The operator earlier this week confirmed the launch of its first female-only tours to Saudi Arabia, which will be led exclusively led by women for other women.
Running from late November to April, Intrepid’s tours to Saudi Arabia have been designed to support female-owned businesses – and bring together women from different backgrounds.
“This will be a true Intrepid experience where we can go off the beaten track, create connections with the local communities and experience the food, the history and the culture,” Intrepid Travel managing director EMEA Zina Bencheikh tells TTG.
Ranking 131st in the World Economic Forum’s Gender Gap index, Saudi Arabia remains a conservative society where women continue to have less rights than men. Women, though, have in recent years been granted certain rights in recent years, such as the right to vote and to drive.
Since 2018, women have been permitted to launch their own businesses without the consent of a male guardian, which has led to the creation of a number of female-owned travel, tourism and hospitality businesses.
Women too have become and increasingly significant and important part of the country’s tourism economy, now representing 30% of the sector’s workforce.
Bencheikh believes the most interesting and intriguing part of the trip will be to give women from other countries and cultures the opportunity to experience authentic insights into the lives of local Saudi women.
The tour has been developed by Intrepid in partnership with local operator and mother-of-two Sara Omar, who has herself travelled to more than 70 countries and worked in the country’s outbound tourism sector, taking Saudi women to places like South America and Europe before starting her own destination management company.
Starting from Riyadh and winding up in Jeddah, the 12-day trip features excursions to the likes of Madinah – Islam’s second-holiest site after Mecca – and Unesco World Heritage site Hegra. All tours and excursions are led by female guides.
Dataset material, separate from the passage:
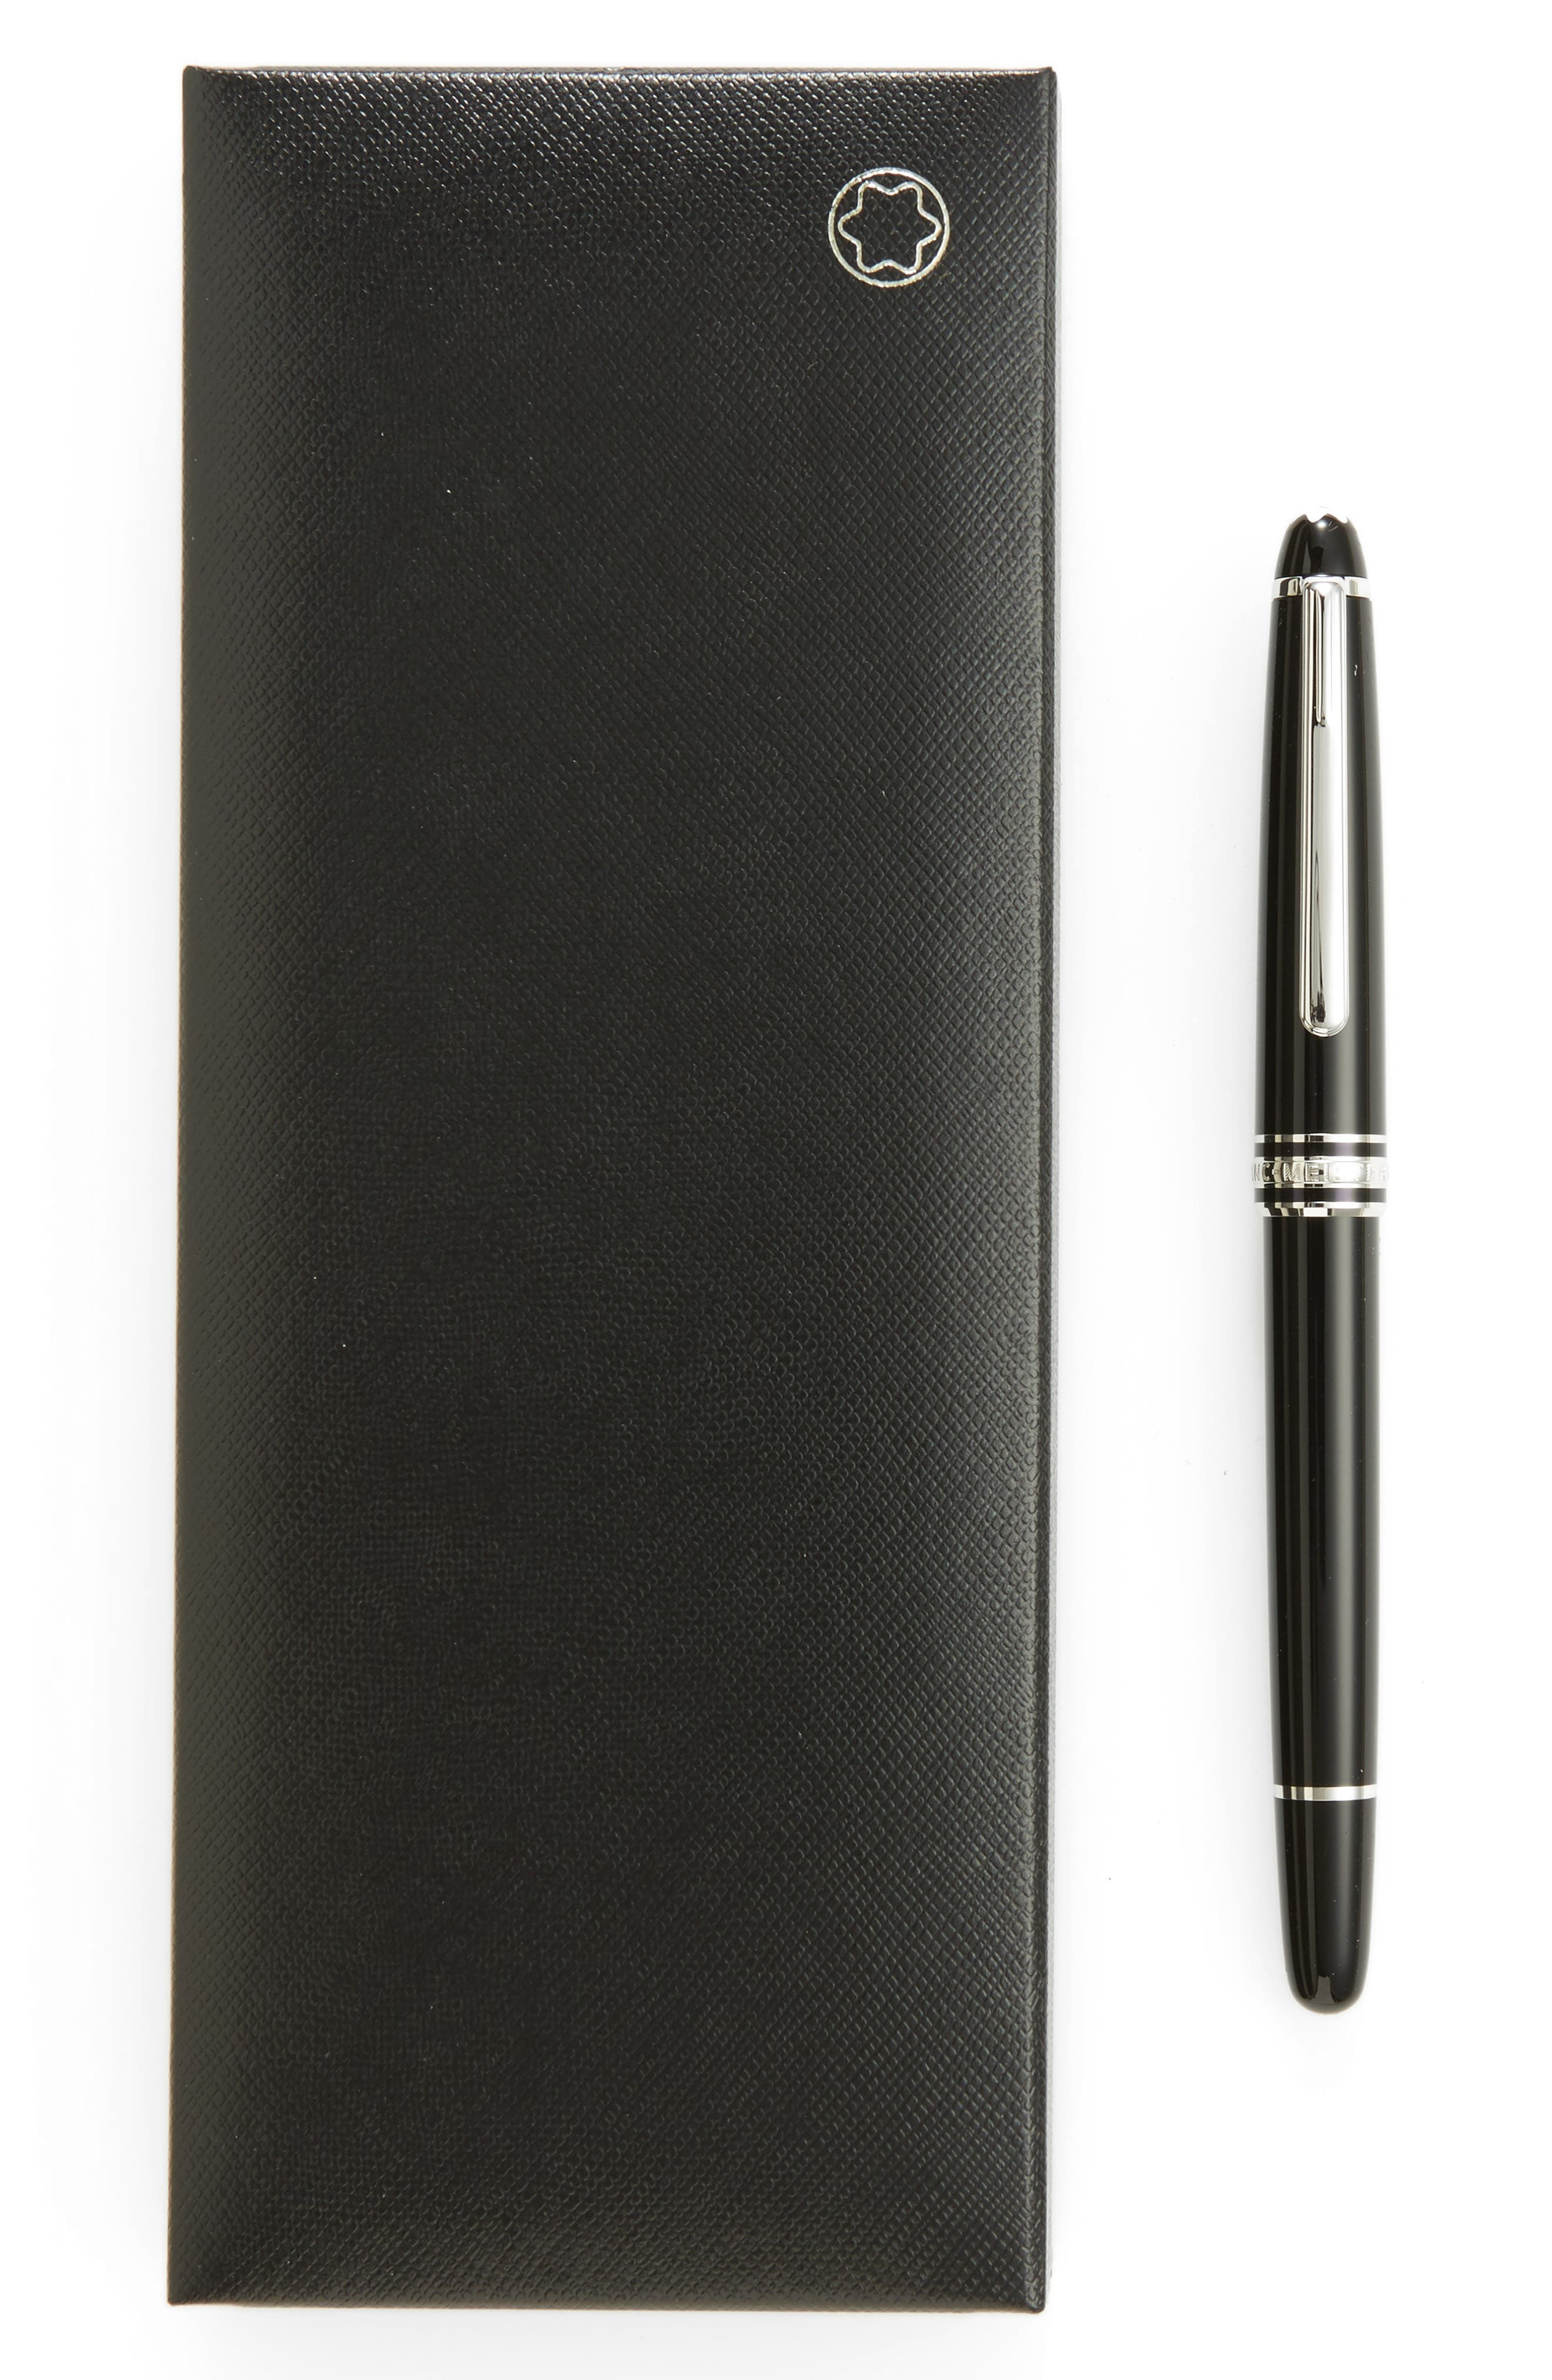 MONTBLANC Meisterstück Platinum Coated Classique Rollerball Pen

Other experiences include a stay at a female-owned hotel, a visit to a citrus farm run by two sisters where visitors will eat lunch under the trees, and a trip to a female-owned beauty salon.
Guests will also visit a shop that sells abayas, a traditional female Muslim robe, and go on a Red Sea cruise before relaxing at a female-only, private beach.
“There’s a lot of fun in this trip that involves learning about a new culture, cooking, snorkelling in beautiful waters and visiting a holy site which has recently opened to non-Muslims,” Bencheikh reveals.
She tells TTG all businesses involved in the tour have been vetted to make sure they’re truly female-owned and operate with respect to international labour laws, such as paying staff fairly.
“We have guidelines, for example it’s pretty clear the guides will be female and they are probably the most important part of the trip because they are the storytellers, they are the ones connecting us with the locals,” she adds.